Discrete Event Simulation Modeling
The great majority of processes we observe in the world consist of continuous changes. However, when we try to analyze these processes it often makes sense to divide a continuous process into discrete parts to simplify the analysis. Discrete Event Modeling techniques approximate continuous real-world processes with non-continuous events that you define.
Here are some examples of events:
a customer arrives at a shop,
a truck finishes unloading,
a conveyor stops,
a new product is launched,
inventory levels reaches a certain threshold, etc.
In discrete event modeling the movement of a train from point A to point B would be modeled with two events, namely a departure event and an arrival event.

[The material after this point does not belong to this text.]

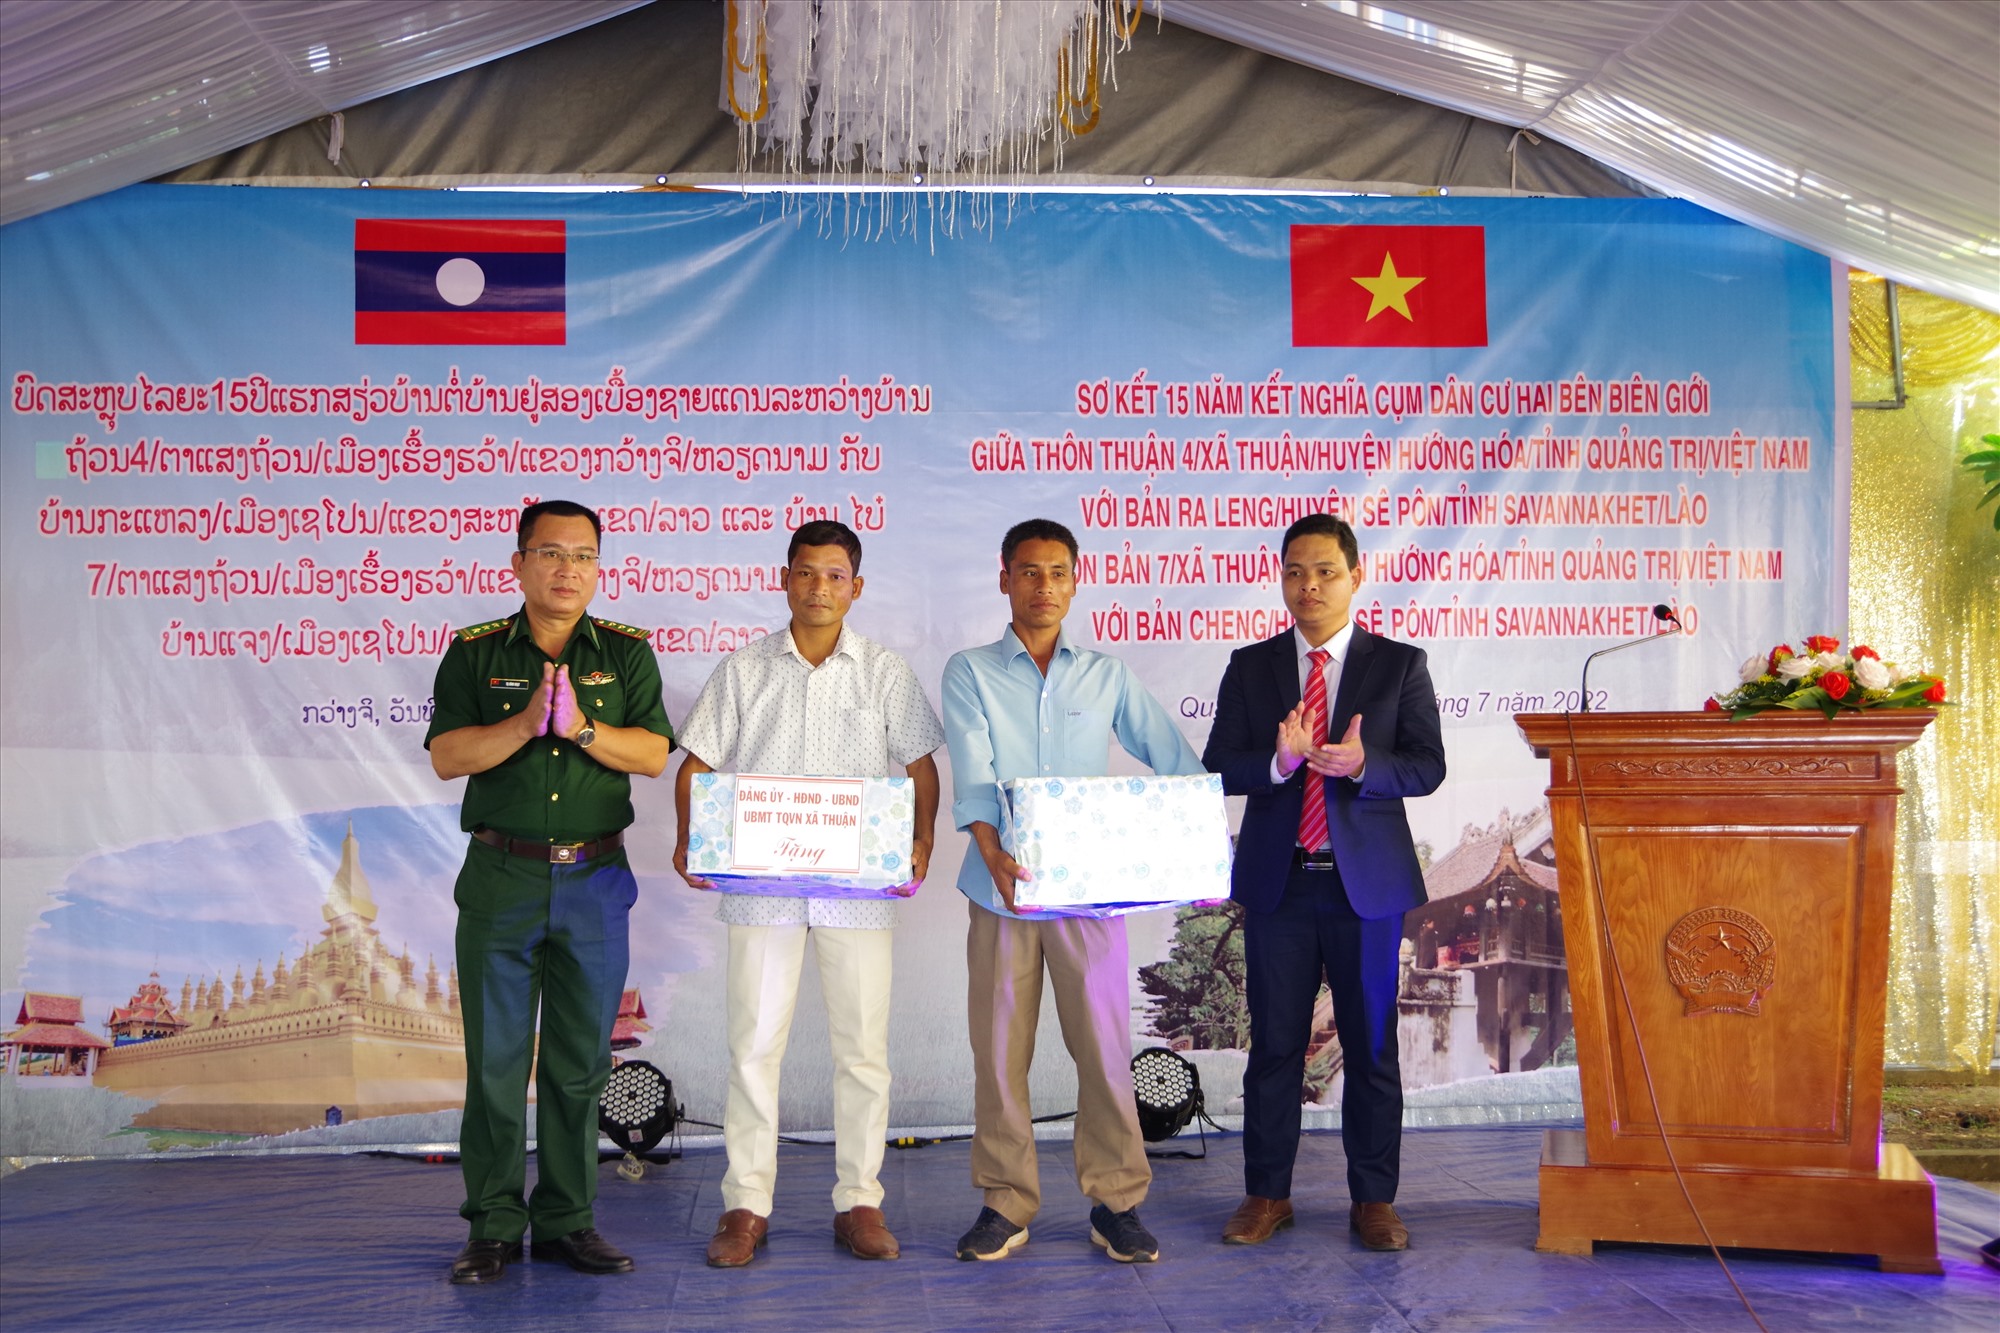 Đồn Biên phòng Thuận và UBND xã Thuận tặng quà cho các cặp bản kết nghĩa - Ảnh: M.H

The actual movement of the train would be modeled as a time delay (interval) between the departure and arrival events. This doesn't mean however that you can't model the train as moving. In fact, you can produce visually continuous animations for logically discrete events.
The term Discrete Event is however mainly used in the narrower sense to denote "Process-Centric" modeling that suggests representing the system being analyzed as a sequence of operations being performed on entities (transactions) of certain types such as customers, documents, parts, data packets, vehicles, or phone calls. The entities are passive, but can have attributes that affect the way they are handled or may change as the entity flows through the process. Process-centric modeling is a medium-low abstraction level modeling approach. Although each object is modeled individually as an entity, typically the modeler ignores many “physical level” details, such as exact geometry, accelerations, and decelerations. Process-centric modeling is used widely in the manufacturing, logistics, and healthcare fields.
Discrete event modeling techniques should be used only when the system under analysis can naturally be described as a sequence of operations. It is not always clear for any given modeling project which of the three modeling paradigms is best. For example, if it is easier to describe the behavior of each individual entity than trying to put together a global workflow, agent based modeling may be the way to go. Similarly, if you are interested in aggregates and not in individual unit interaction, system dynamics may be applied. Our logic tool solution supports all three modeling approaches, so you can experiment with the abstraction levels and modeling approach without needing multiple tools.
The process modeling library
The primary toolkit for discrete event modeling is called the Process Modeling Library. The Process Modeling is a collection of objects for defining process workflows and their associated resources. All objects are highly customizable. Their parameters can be changed dynamically and their actions may depend on the entity's attributes. Objects have “onEnter/onExit” extension points that let you define the actions that need to be performed on the entities going through the process. The Process Modeling Library-based model components can naturally inter-operate with system dynamics and agent based components or with primitives such as events or state charts.
If the system you are modeling is complex, it makes sense to break it down into components and model them separately in different objects. You can define sub-process start and end points, expose them as the interface of the model component and hide the sub-process implementation. At the top level of the model you will be instantiating and connecting those high-level components together. As any object can be instantiated and parameterized many times this also provides a good basis for component reuse within one model or across models.
The Process Modeling Library works closely with the presentation/animation framework and enables you to develop very sophisticated process animations. The animations can be made hierarchical with multiple 2D or 3D views. For example, the high-level view on the process may show only key aggregate indicators, but you can switch to the components view with a detailed sub-process animation.